As the country’s largest grocery chain, Kroger is getting all the attention today, as it rolls out a new low-prices program that also eliminates double coupons. But if you live in the affected area and are looking for sympathy, take a number. Grocery shoppers in Indiana were already dealt that blow a day earlier.
Sharp-eyed shoppers of Indianapolis-based Marsh Supermarkets noticed that any reference to double coupons disappeared from the store’s website and weekly circular yesterday. The store had doubled coupons up to $.50, and as recently as last week promoted that fact on its Facebook page. In response to a question about tripling coupons, Marsh posted, “we don’t have any Triple Coupon events scheduled but we double coupons every day!”
But now they don’t. Customers took to Facebook looking for answers as to why the reference to double coupons had disappeared. Turns out, it was because double coupons themselves had disappeared. “Double coupons have ended,” Marsh confirmed. “As we strive to be more relevant and offer more value to every shopper who walks through our doors, it becomes necessary to change programs.” The store noted that it has been mailing out coupons, offering coupons at checkout and improving its digital coupon program. In addition, “we are excited to be able to offer additional values in store with our new Price Lock program and will continue to add programs that bring value every day.”
Customers expressed anger and disappointment in the policy, as well as in the quiet – almost sneaky – way they implemented it. No announcement, just a response to customer questions. If no one had asked, would they have said anything at all?
It’s enough to make you wonder whether double coupons are going the way of the dinosaur (why, here’s a story that asks just that: “Double Coupons: Dying Like Dinosaurs?”). Kroger eliminated double coupons in its Houston and Dallas-area stores in 2011, and will do the same for its Cincinnati-area stores next month (read: “Kroger Offers New Lower Prices! Oh, And No More Double Coupons”). Kroger-owned Ralphs stores in California did away with doubles in 2012, a move matched a few months later by its competitor Vons.
But other chains have experimented with, and ultimately relented on, eliminating double coupons in the past. Maybe the time just wasn’t right when they first tried it a few years ago. Does that mean the time is right now?

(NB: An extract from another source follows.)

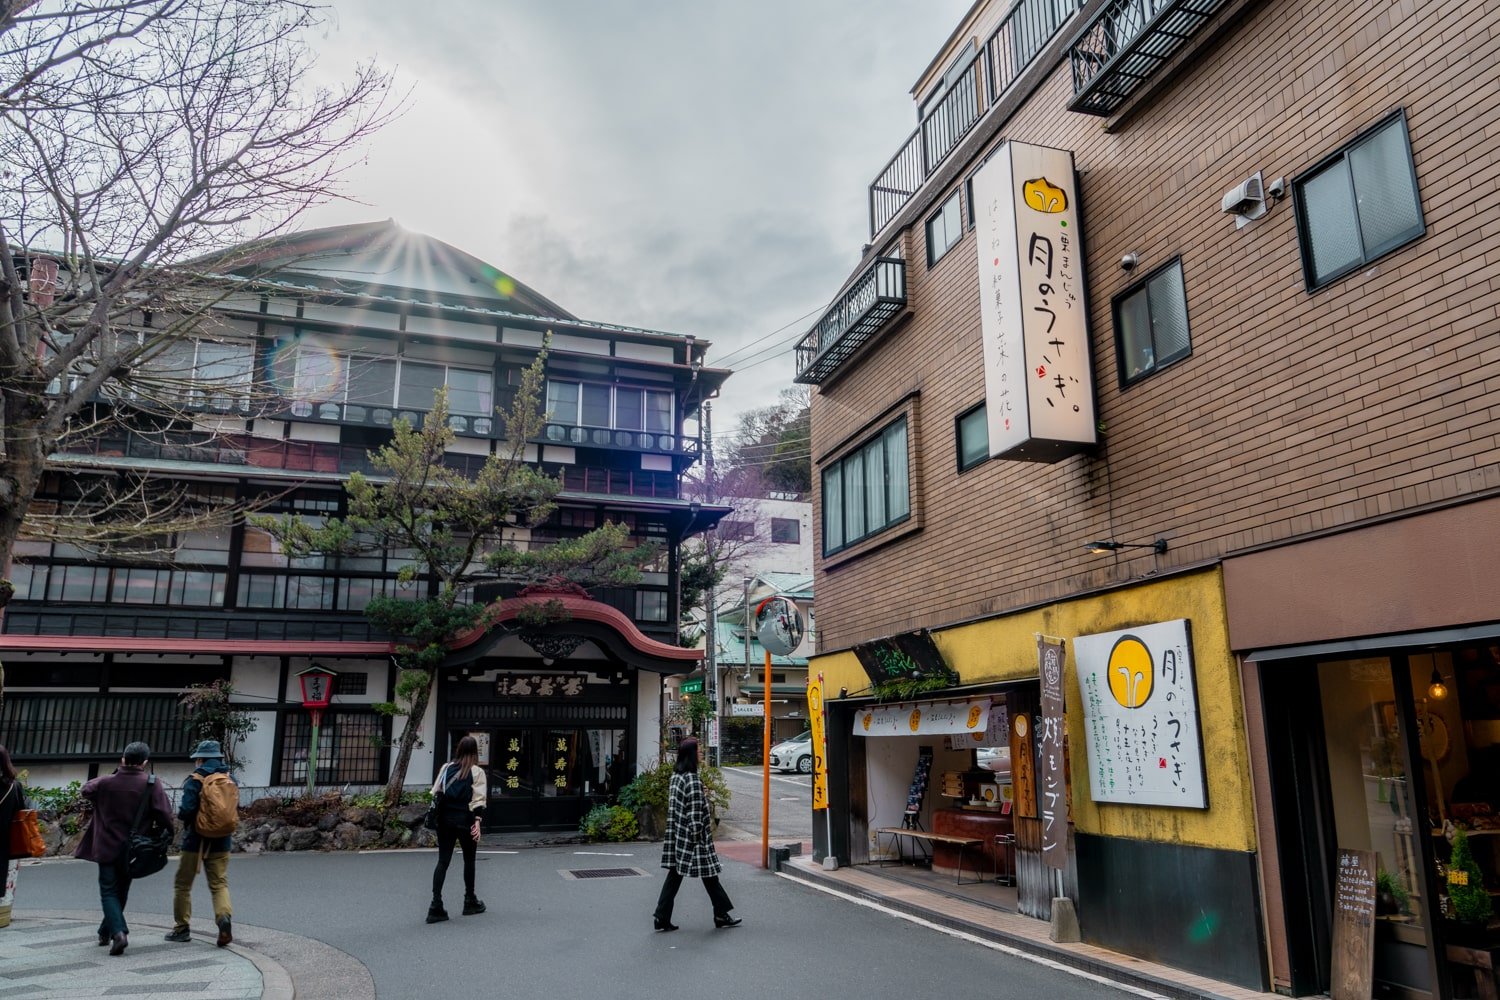 A downtown scene in Hakone-Yumoto with local ryokan
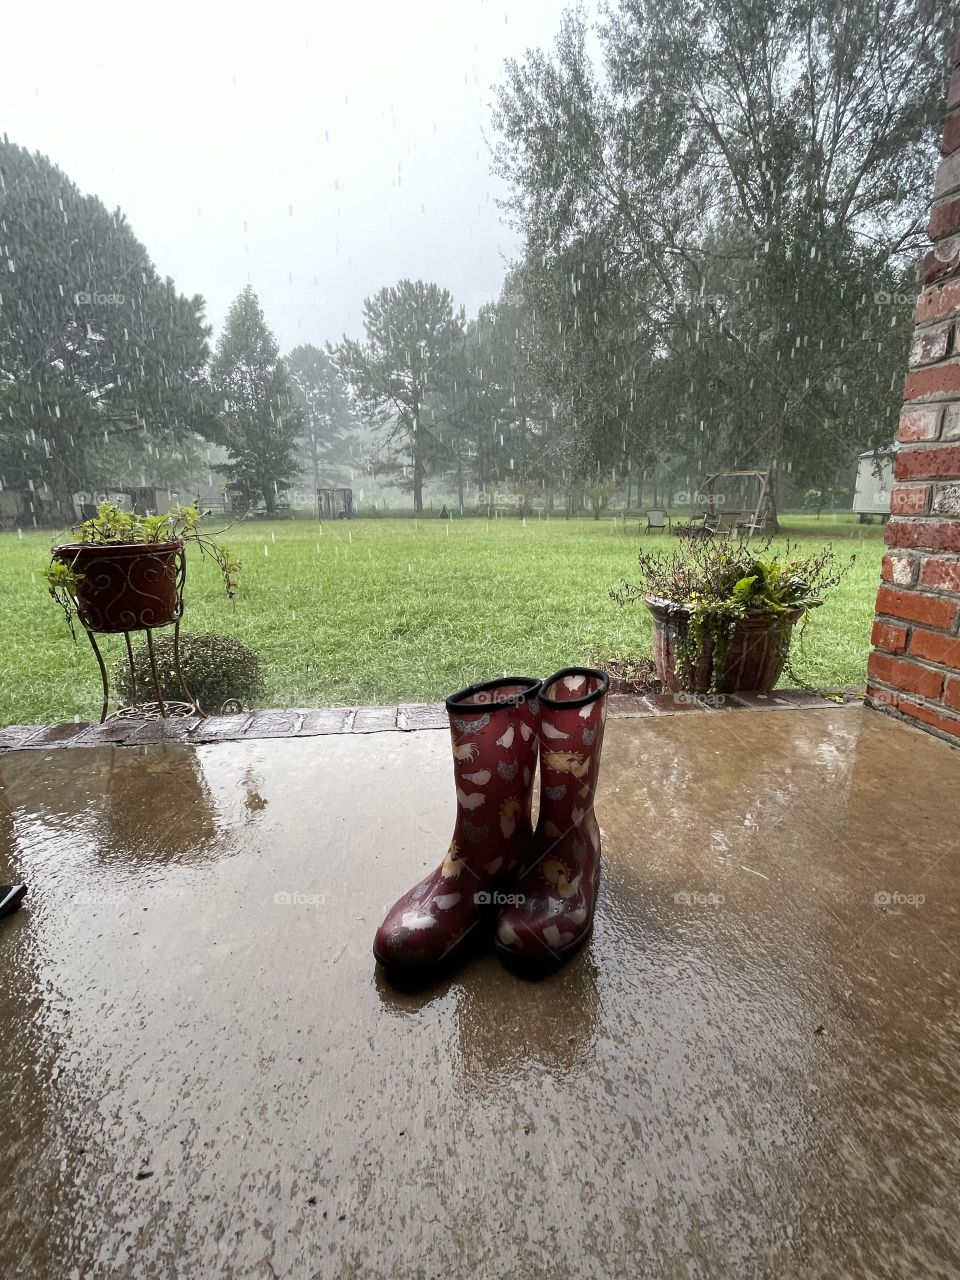 Good o’l rain boots.

Double coupons have been seen as a blessing and a curse since they were first introduced, by someone, sometime in the 1970’s. No one is quite sure of the details – not even Kroger, which once claimed to have invented double coupons. While stores are reimbursed by manufacturers for the face value of coupons, the stores themselves bear the cost of doubling and tripling. The blessing comes in the form of the increased traffic they bring – the curse comes in the form of lower profits.
Several decades ago, manufacturers even experimented with double coupons of their own, issuing “double-savings certificates” on their own products, which offered to double the value of any coupon to which they were attached. But in 1981, the Wall Street Journal issued a dire warning that the practice of double couponing could not be sustained, calling them “self-defeating promotions” and “a destructive practice.” If that wasn’t enough, it piled on: “Double or triple coupons can lead to lengthy checkout lines, an increase in fraudulent redemptions and rapidly emptied shelves.”

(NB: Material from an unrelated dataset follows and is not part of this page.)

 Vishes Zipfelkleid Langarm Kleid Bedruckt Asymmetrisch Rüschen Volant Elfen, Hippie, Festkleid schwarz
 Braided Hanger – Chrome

But the practice continued on, despite some stores’ best efforts to put an end to it. In 1984, the U.S. Justice Department launched an antitrust investigation, looking into whether some New York-area supermarket chains had colluded, in agreeing to end their double coupon promotions at the same time. A year later, two stores pleaded no contest and were fined $275,000 each.

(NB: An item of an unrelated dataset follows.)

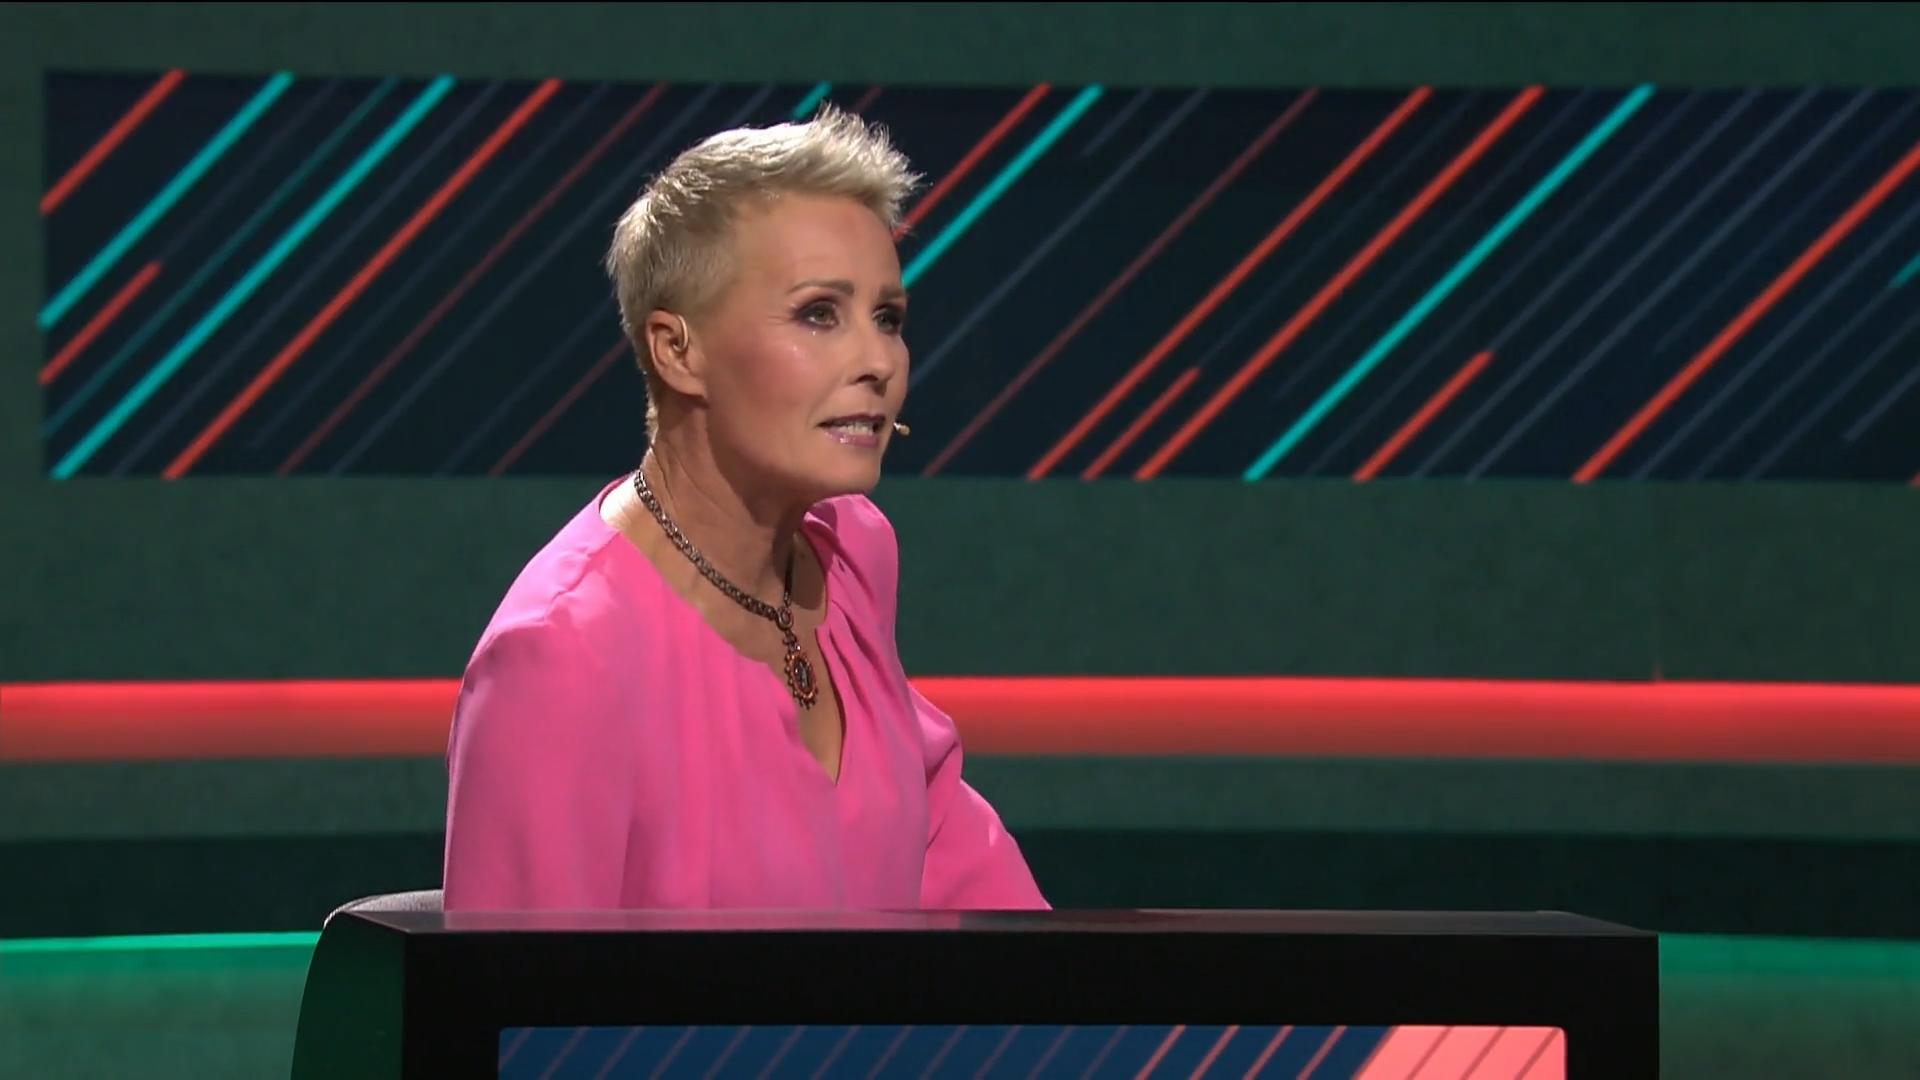 Sonja Zietlow verrät ihr besonderes Talent In neuer RTL-Show "Ich setz auf dich"

So, later, stores tried a different tack – “colluding”, though it wasn’t considered illegal, with manufacturers. That’s when 55-cent-off coupons, just above most stores’ 50-cent doubling limit, became more prevalent. The president of a marketing firm that did business with supermarkets and manufacturers told the Washington Post in 1992 that “supermarkets are putting pressure on the manufacturers to up the value of coupons to be above the doubling range. They are sorry they are in double coupons, because it comes out of their profits… But like airlines and their frequent flier programs, they can’t get themselves out of it.”
Nowadays, Walmart is the country’s number-one grocery retailer, and it doesn’t double coupons (though it has experimented with doubling as part of its ad-match program in limited areas). Refusing to double is certainly not hurting Walmart’s bottom line, so other grocery stores may finally be seeing an opening to put an end to doubles altogether. Plus, coupon values are rising, and many stores that double only up to $.50 are reluctant to raise that threshold. They’d rather just eliminate doubling. “Of the coupons available in the January 27, 2013 newspaper,” Kroger noted in a news release today, “65% had a value of $1.00 or more.” So doubling, it argues, has outlived its usefulness.
Then again, consider this piece of reporting: “Acme Markets announced it is reducing everyday prices in its Washington area stores on 250 popular grocery items,” the Washington Post reported – in 1979. The move was “being used instead of trading stamps (and) double coupons discounts.” Sounds awfully familiar to what’s going on now – and 34 years later, Acme is currently teetering on the edge of oblivion (read: “Store Closings Bring Sadness – and Shrugs”).
We’ll see whether we have to wait 34 years to find out whether a similar fate awaits Marsh and Kroger.